◆ Supplied records ◆
::::::::

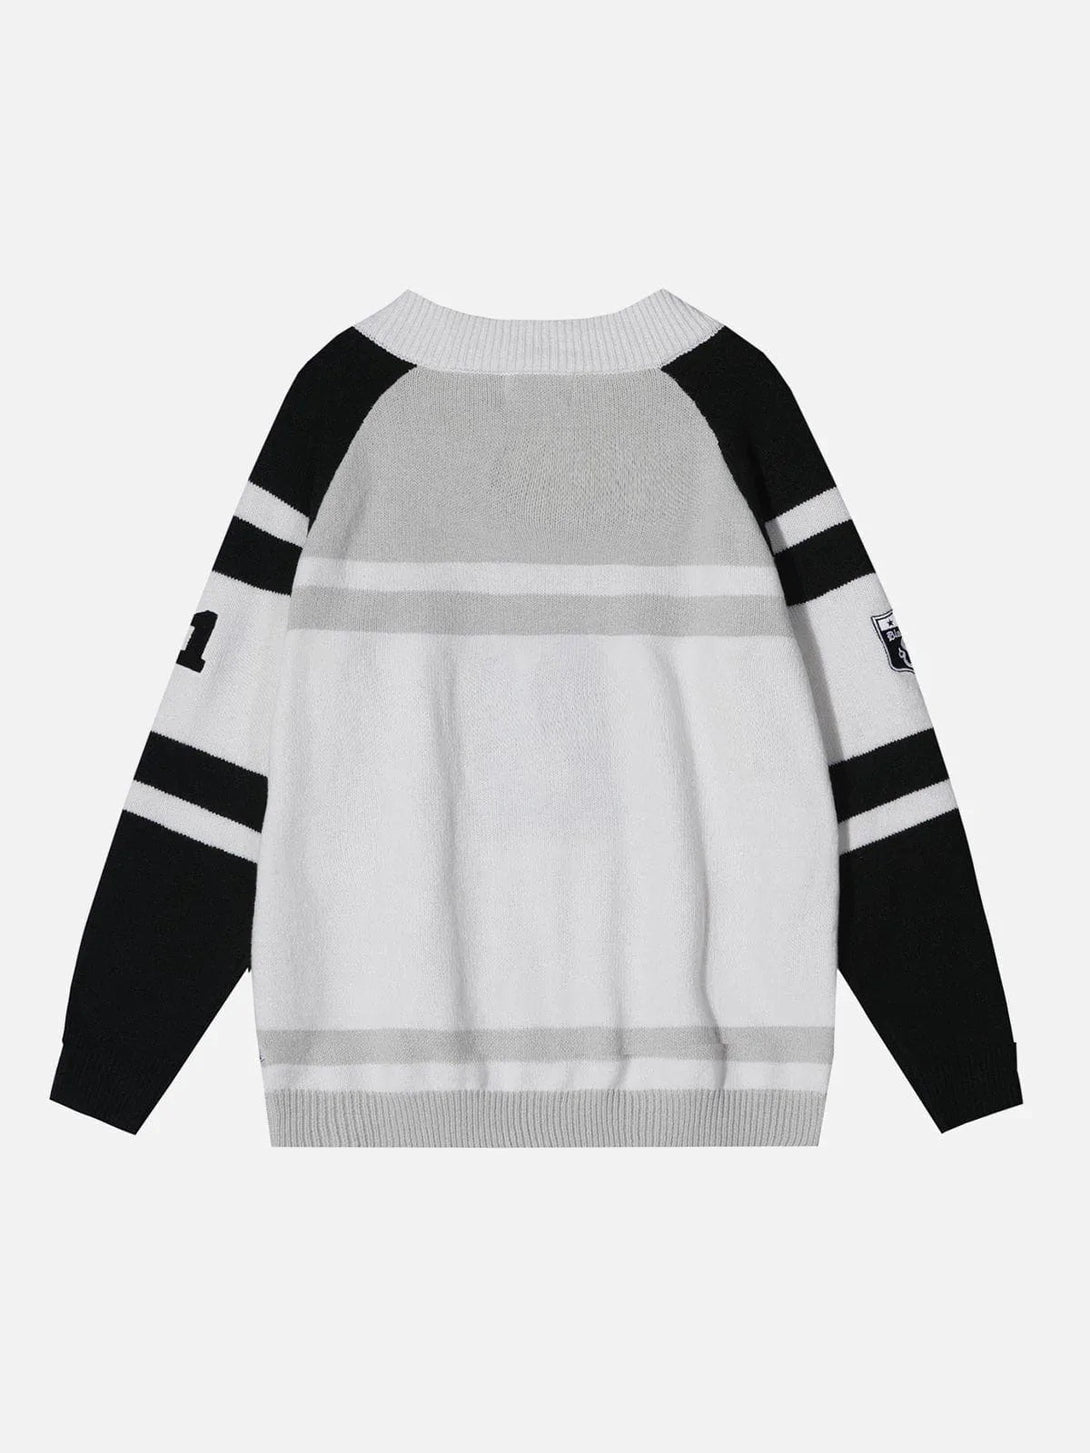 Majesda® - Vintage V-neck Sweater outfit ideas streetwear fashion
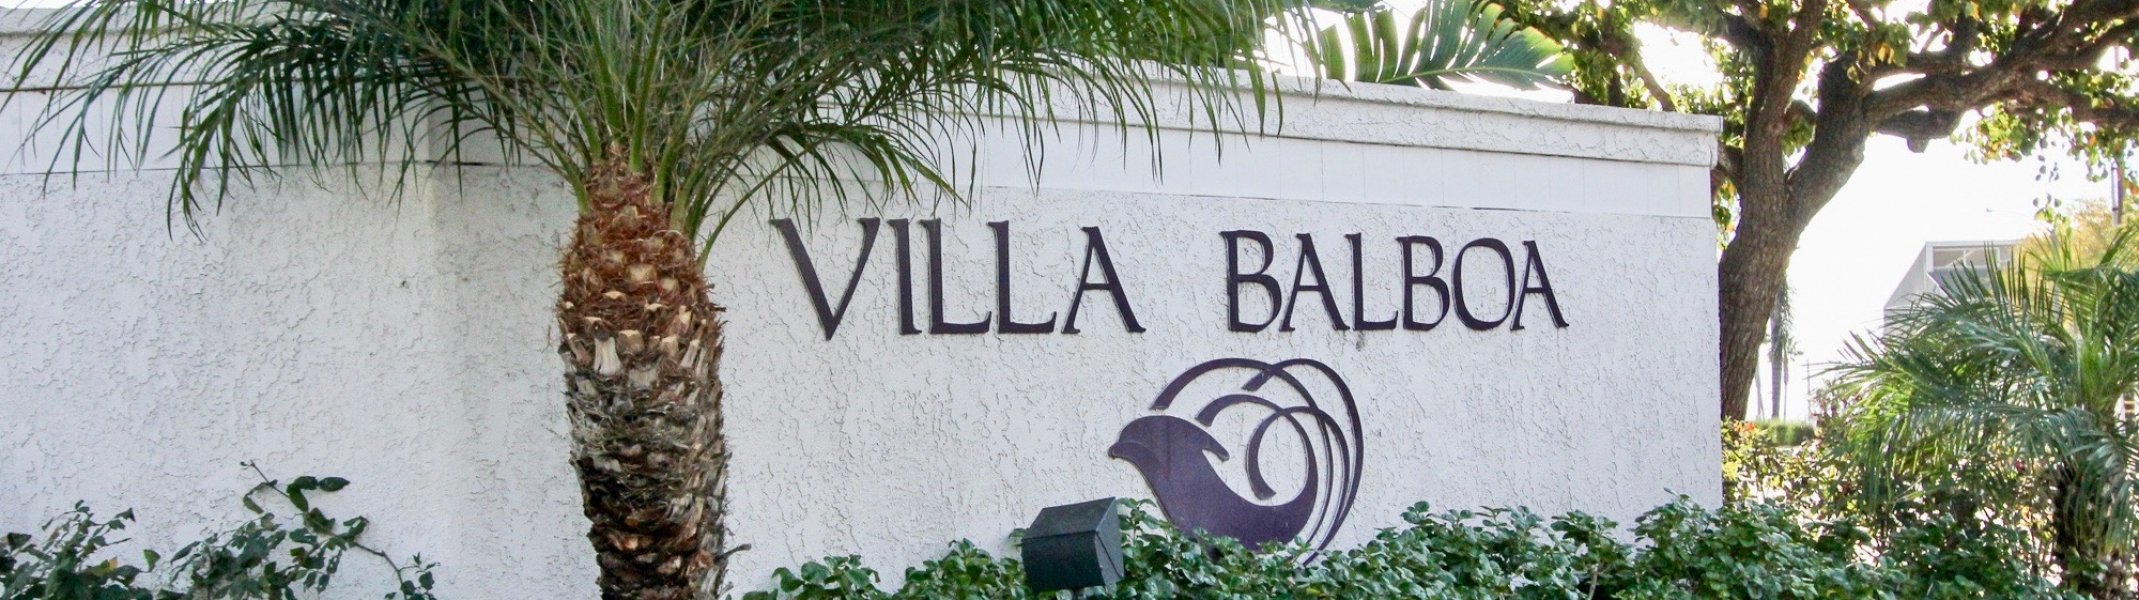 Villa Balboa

::::::::

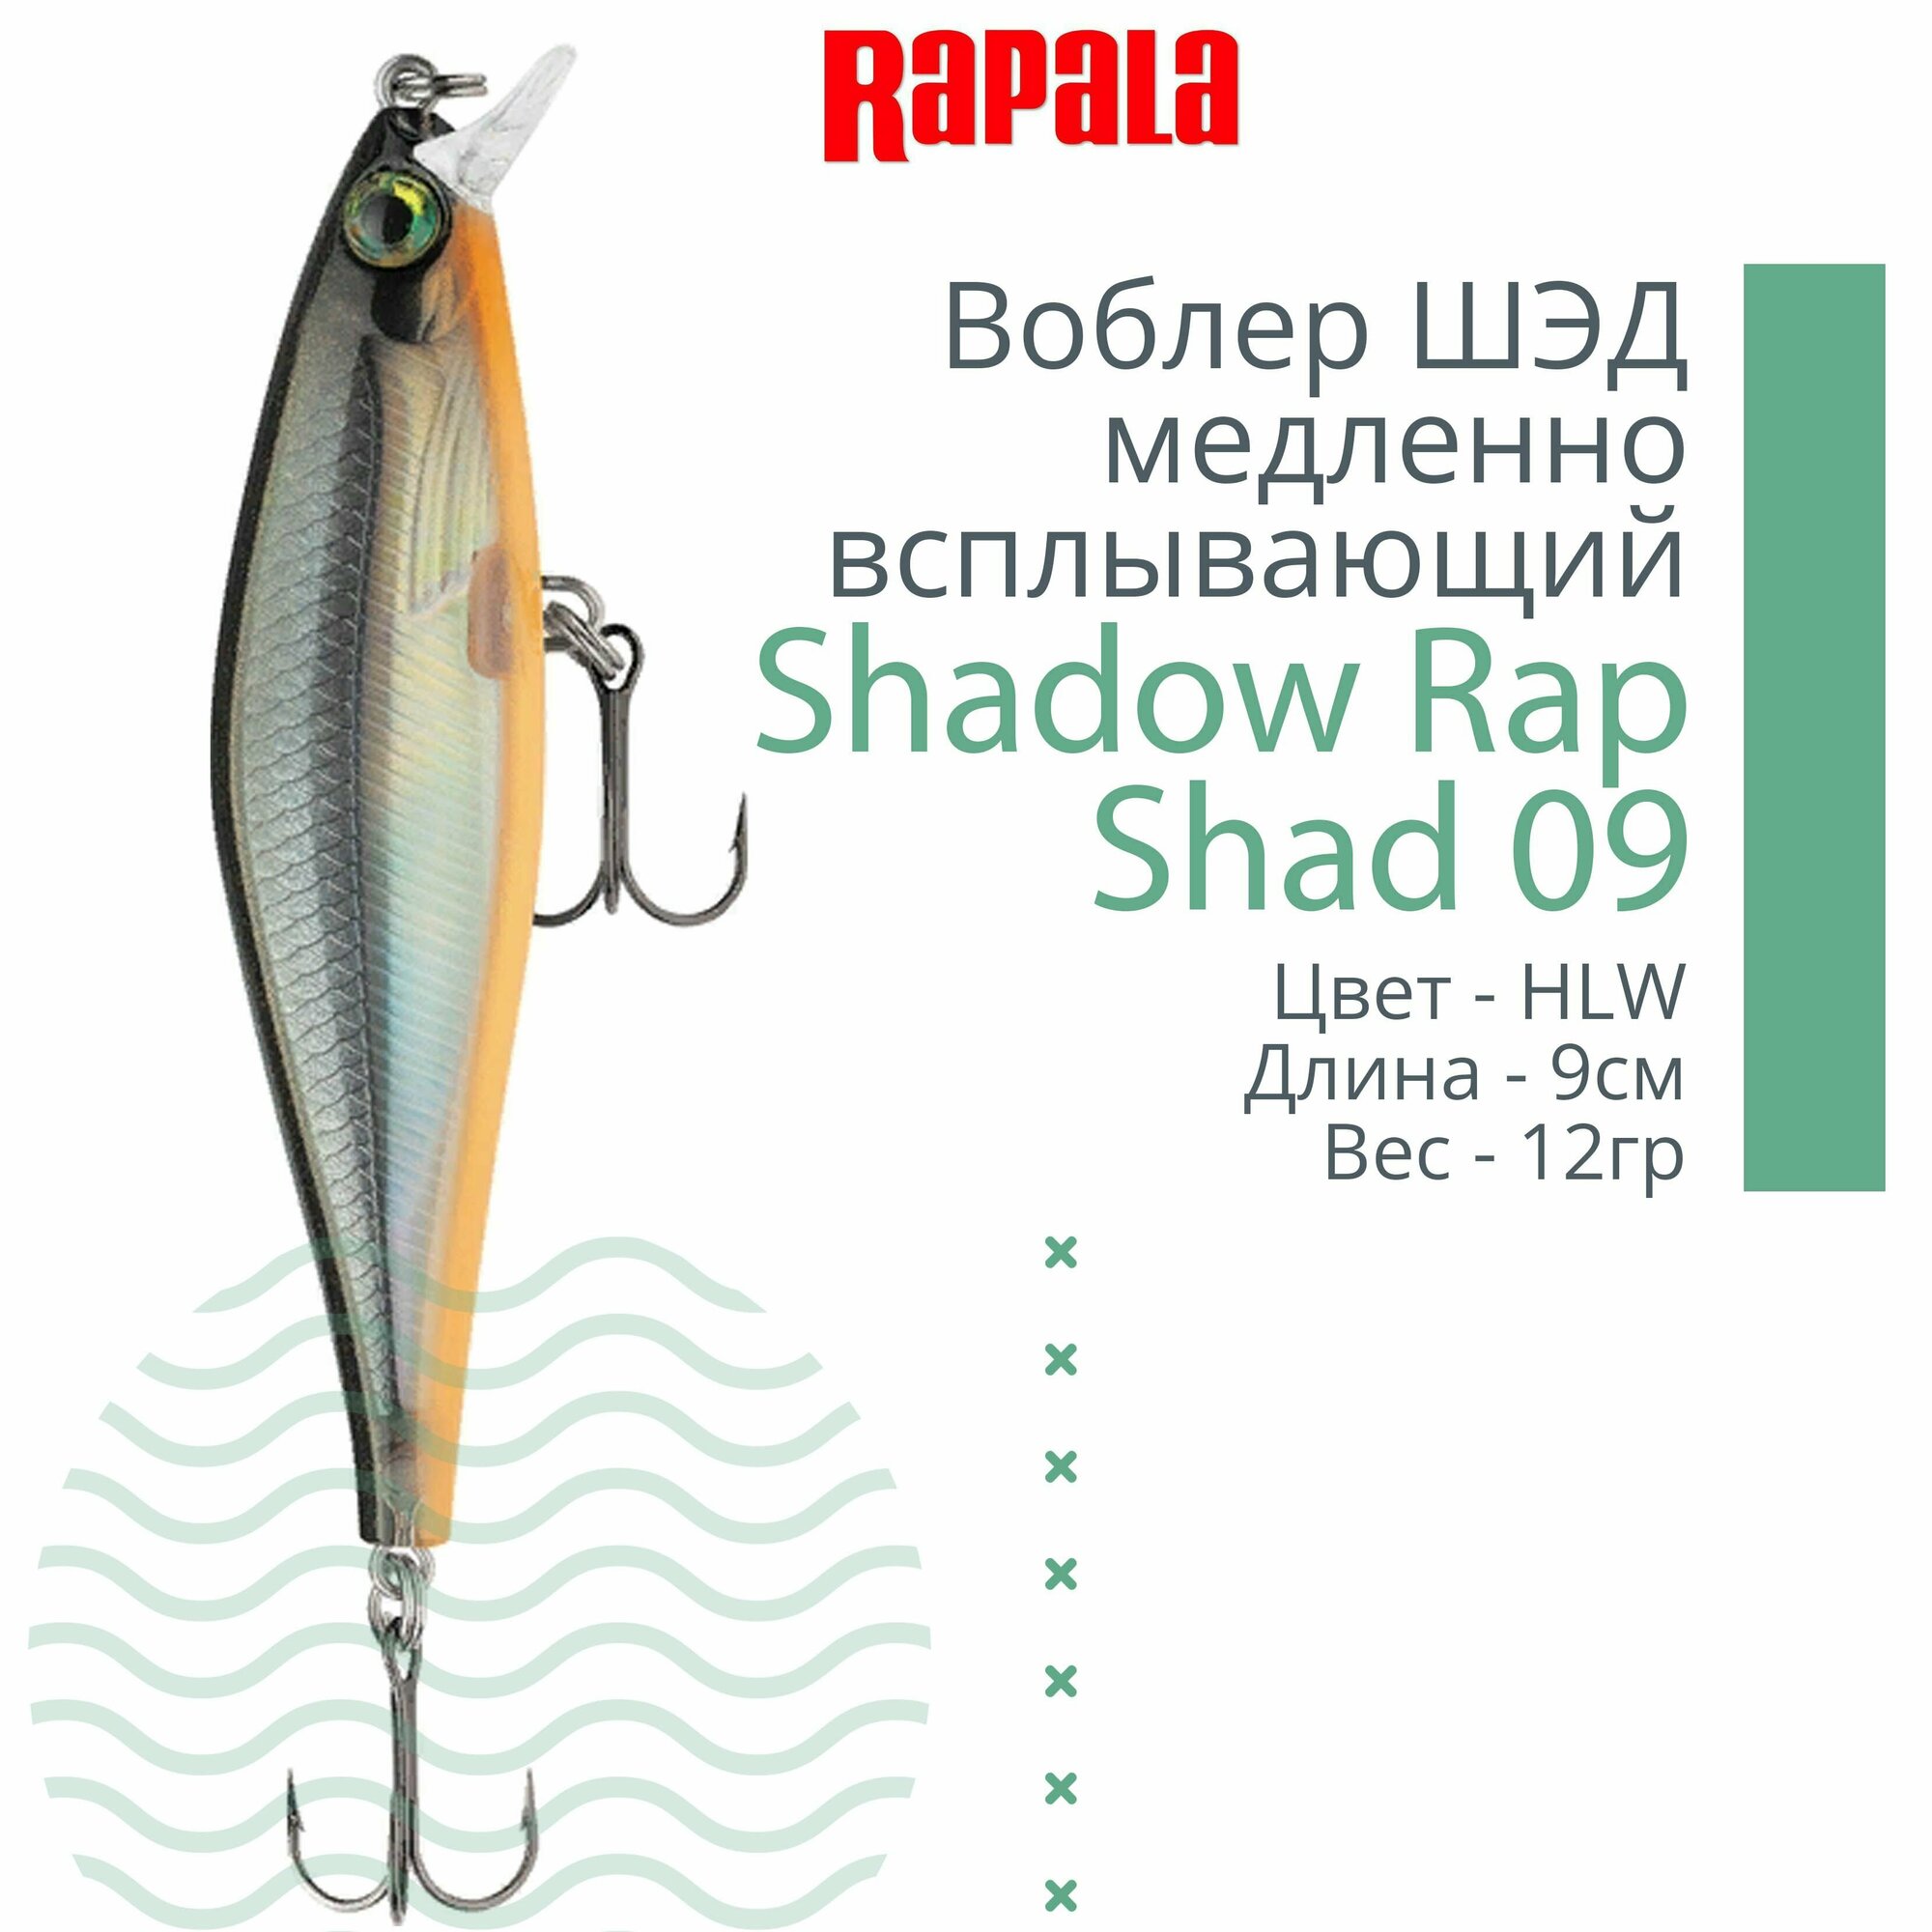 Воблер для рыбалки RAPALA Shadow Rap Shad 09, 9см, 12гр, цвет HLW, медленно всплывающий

::::::::

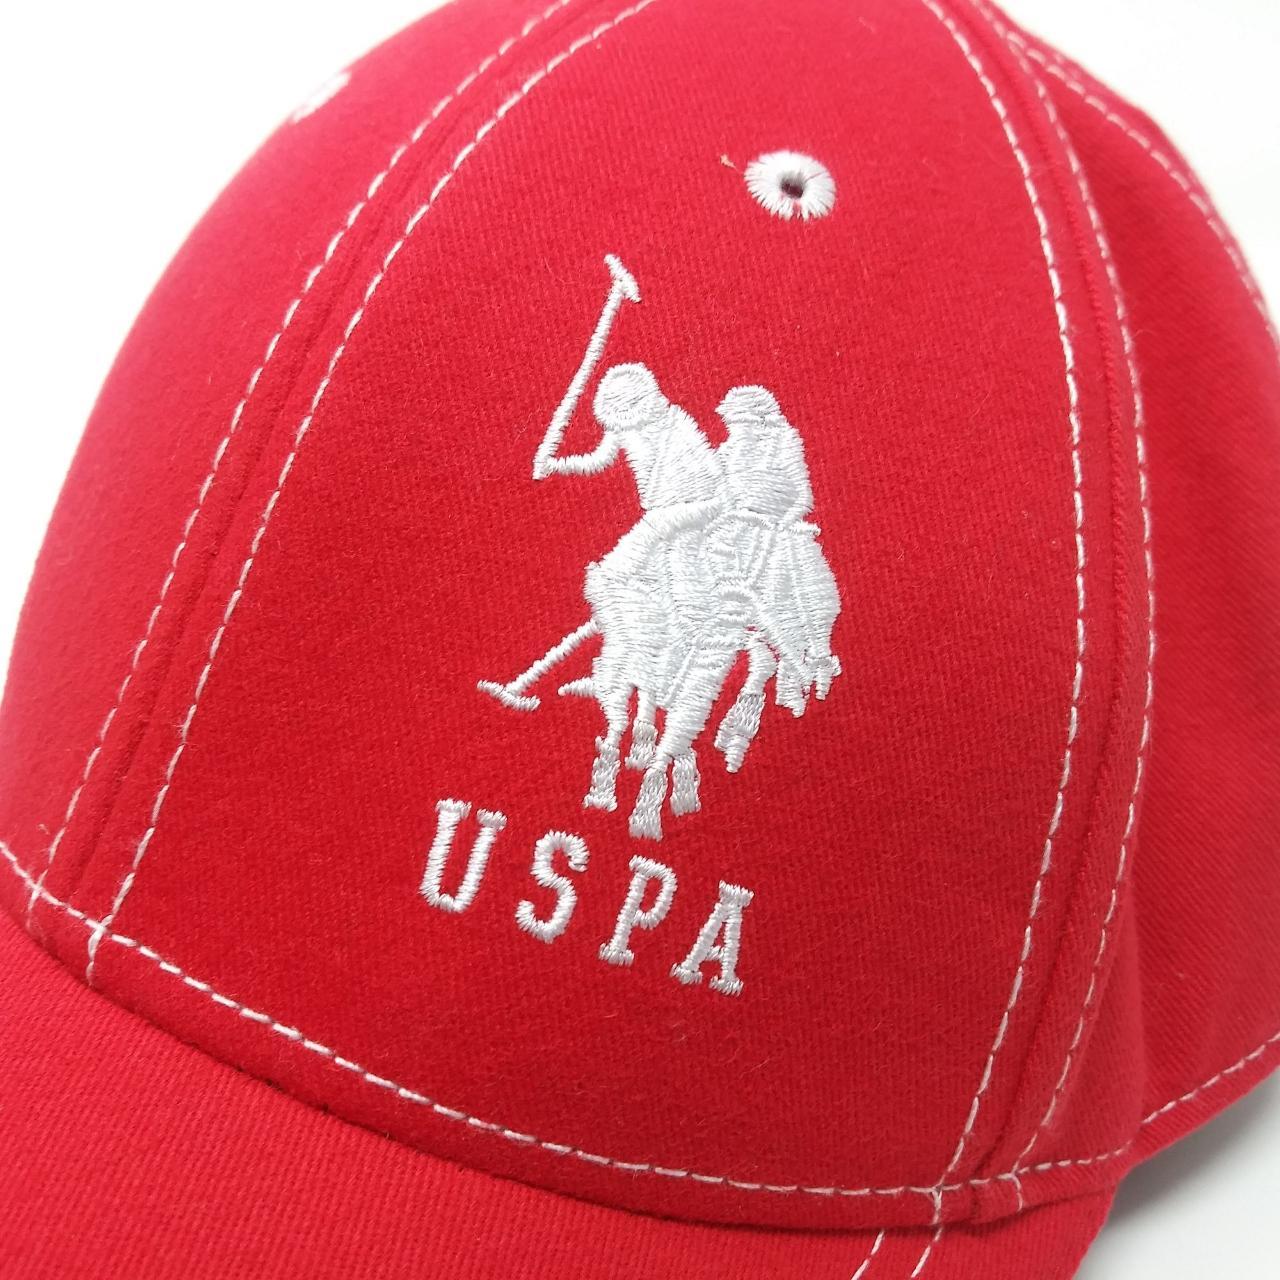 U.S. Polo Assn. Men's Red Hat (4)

::::::::

◆ Work to complete ◆
No picture is to be printed. Output exactly the lines above from the line containing "Majesda® - Vintage" through the line containing "Villa Balboa".

◆ Written reply ◆
 Majesda® - Vintage V-neck Sweater outfit ideas streetwear fashion
 Villa Balboa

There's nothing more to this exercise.